= Beginning of Section =

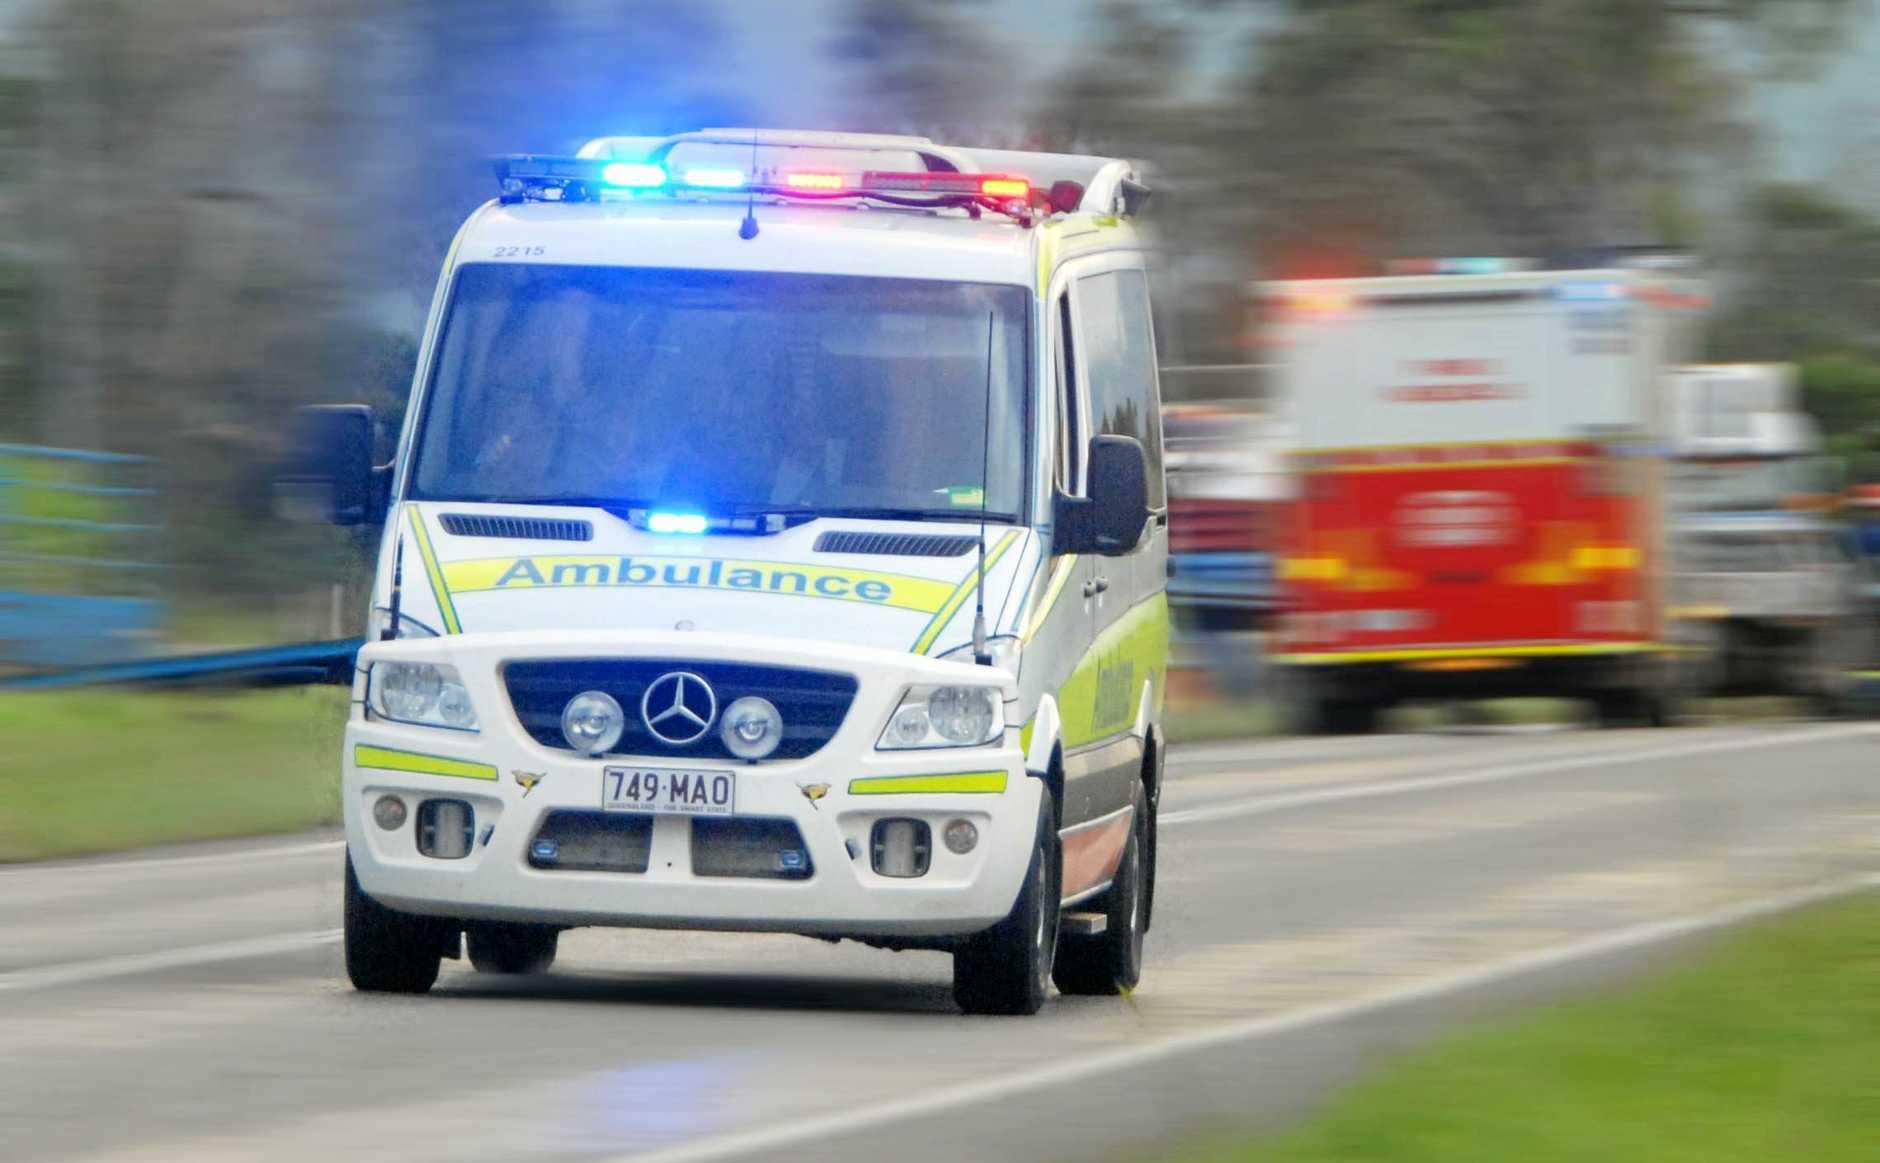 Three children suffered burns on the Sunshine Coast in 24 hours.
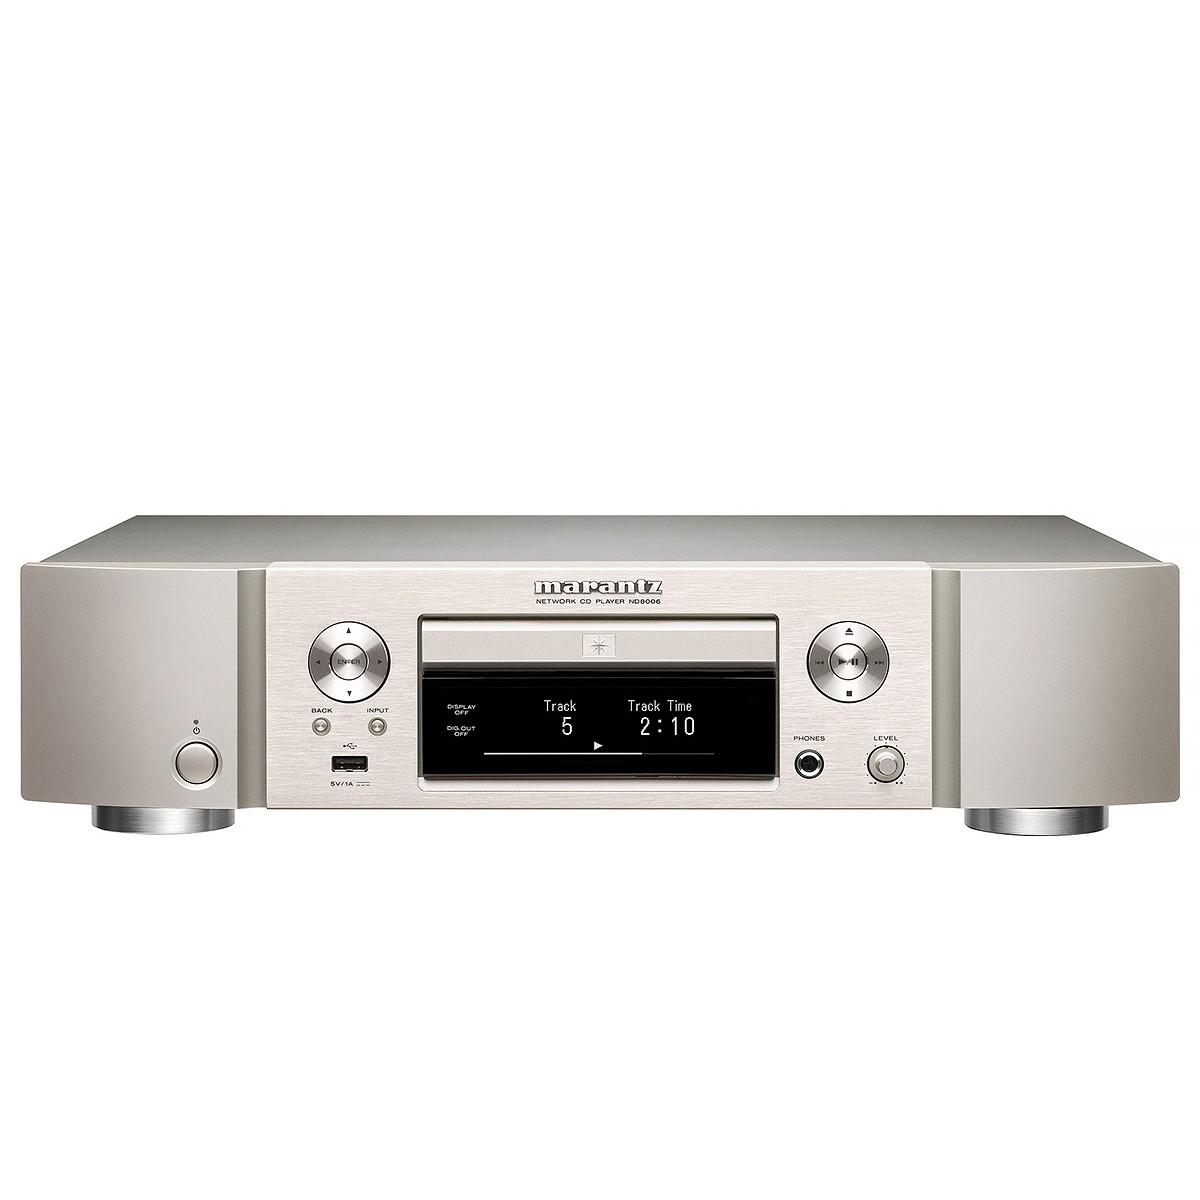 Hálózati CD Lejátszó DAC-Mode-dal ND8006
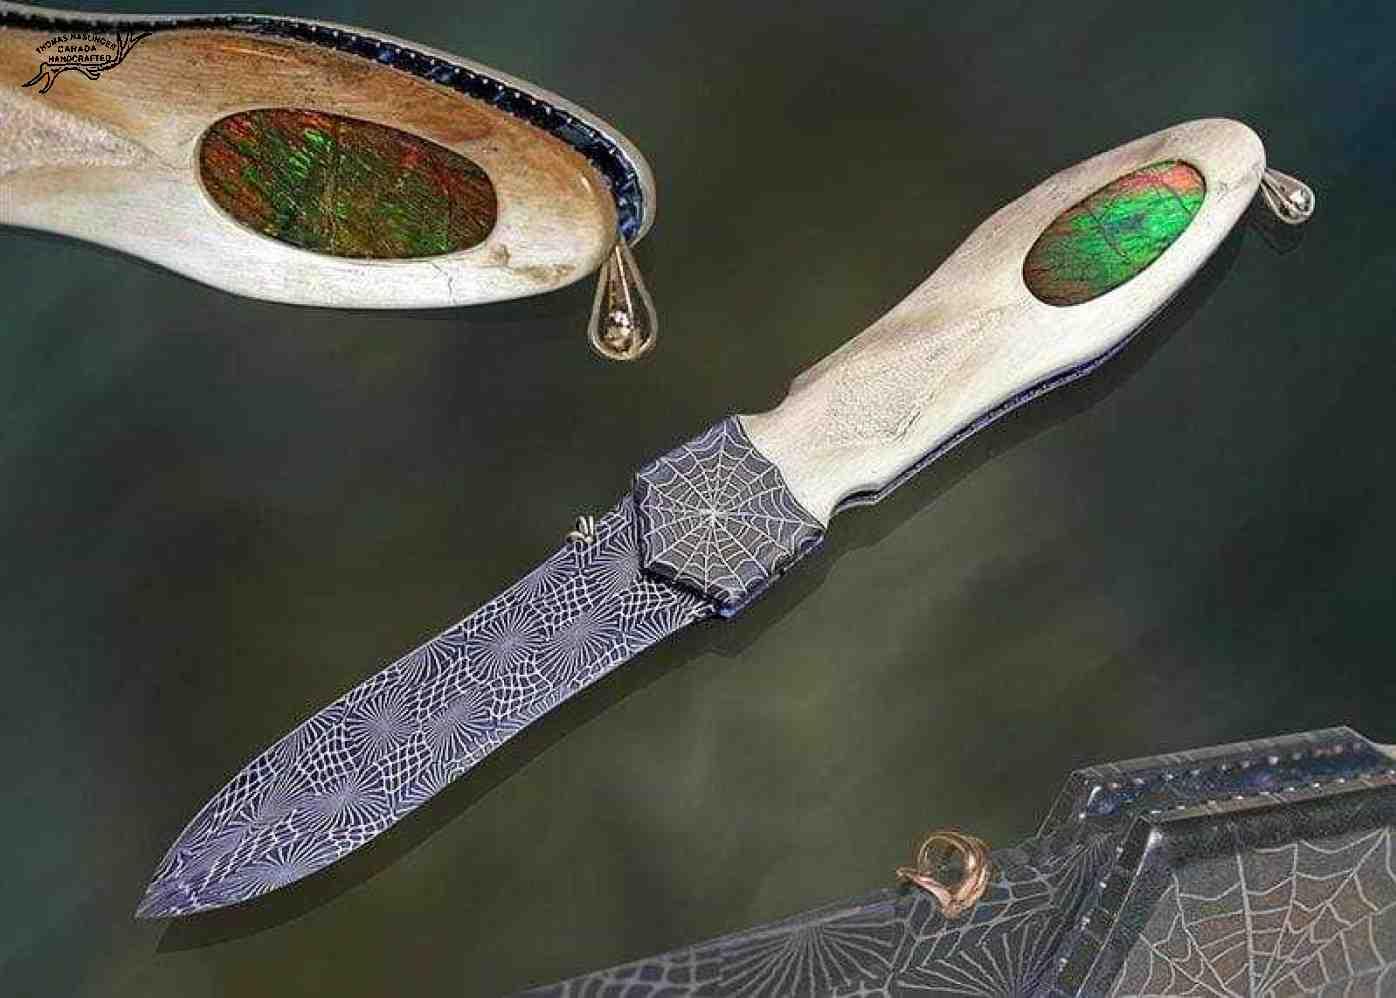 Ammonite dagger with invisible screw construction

= End of Section =

Work item:
Reproduce exactly the lines above from the one with "Hálózati CD Lejátszó DAC-Mode-dal ND8006" through the last line of the data, keeping both ends and dropping the pictures.

Output for this task:
 Hálózati CD Lejátszó DAC-Mode-dal ND8006
 Ammonite dagger with invisible screw construction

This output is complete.